15. A two-dimension code recognition device is suitable for the two-dimension code obtained by the coding method of claim 5, and comprises the following steps:

the acquisition module is used for acquiring a two-dimensional code image;

16. A two-dimension code recognition device is suitable for the two-dimension code obtained by the coding method of claim 6, and comprises the following steps:

the acquisition module is used for acquiring a two-dimensional code image;

17. A two-dimensional code recognition device, adapted to the two-dimensional code obtained by the encoding method of claim 7, comprising:

the acquisition module is used for acquiring a two-dimensional code image;

18. A two-dimensional code recognition device, adapted to the two-dimensional code obtained by the encoding method of claim 8, comprising:

the acquisition module is used for acquiring a two-dimensional code image;

the positioning module is used for searching a positioning area in the two-dimensional code image and positioning the range and the direction of a data area and a functional area in the elementary two-dimensional code according to one or more searched positioning areas;

19. A computer device comprising a memory, a processor and a computer program stored on the memory and executable on the processor, wherein the processor implements the two-dimensional code encoding method of any one of claims 5 to 8 when executing the computer program.
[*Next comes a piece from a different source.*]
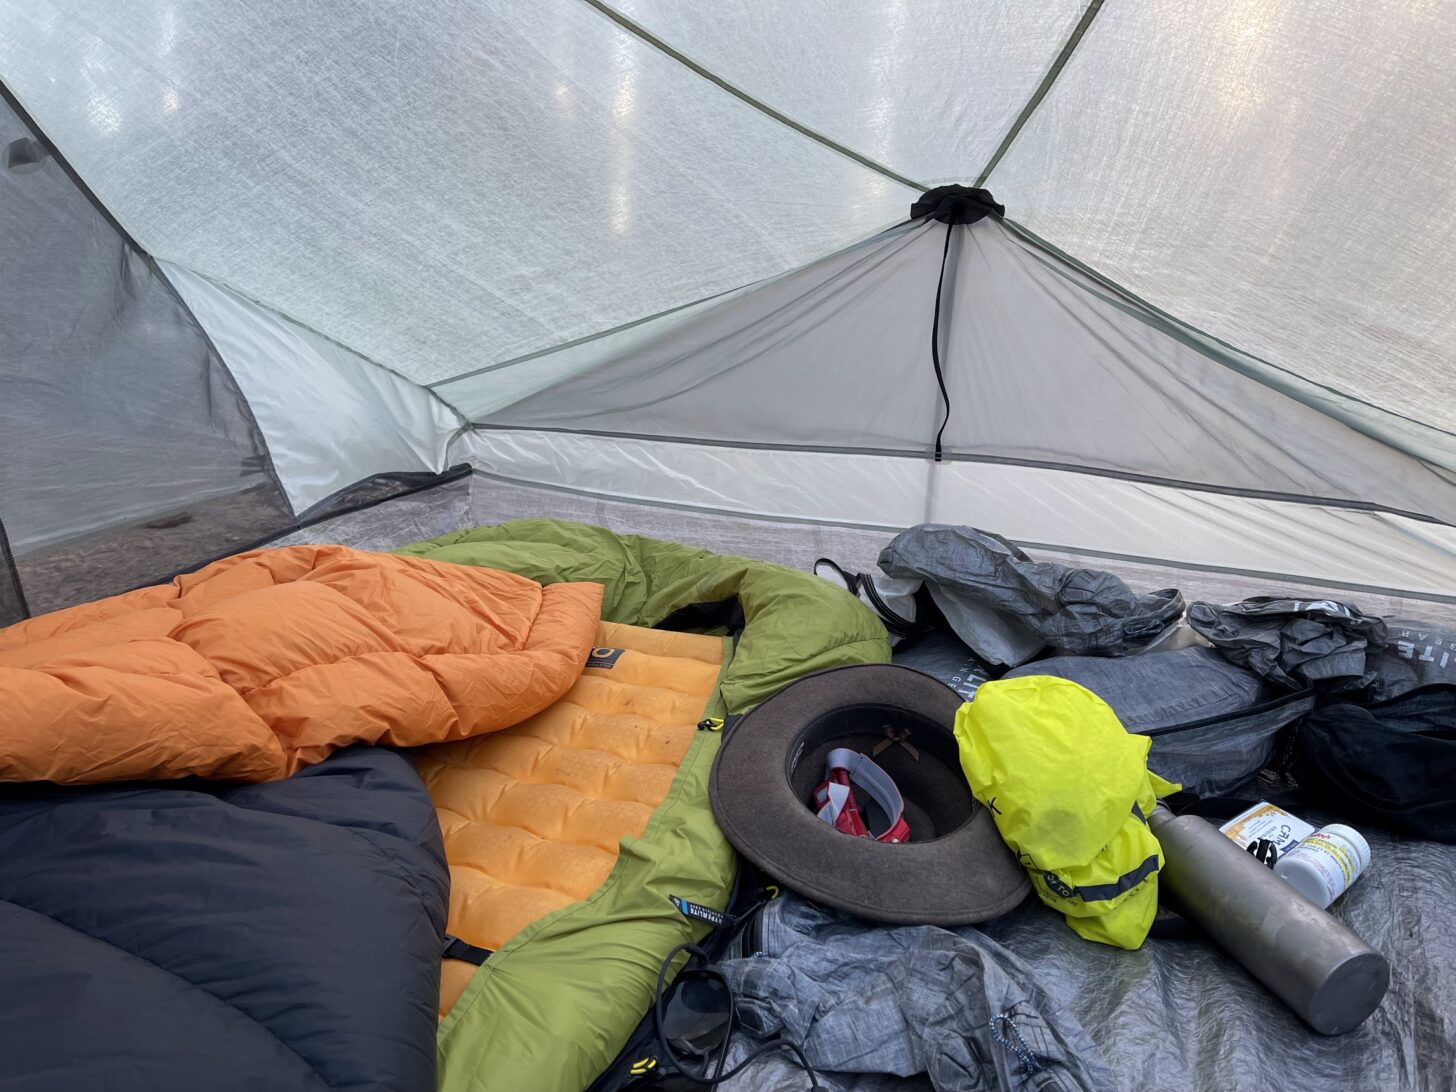 Gear scattered through the inside of a tent.

20. A computer-readable storage medium, wherein the computer-readable storage medium stores a computer program for executing, when executed by a processor, the two-dimensional code encoding method according to any one of claims 5 to 8.

21. A computer device comprising a memory, a processor and a computer program stored on the memory and executable on the processor, wherein the processor implements the two-dimensional code recognition method according to any one of claims 10 to 14 when executing the computer program.

22. A computer-readable storage medium, characterized in that the computer-readable storage medium stores an executable computer program, which when executed by a processor implements the two-dimensional code recognition method of any one of claims 10 to 14.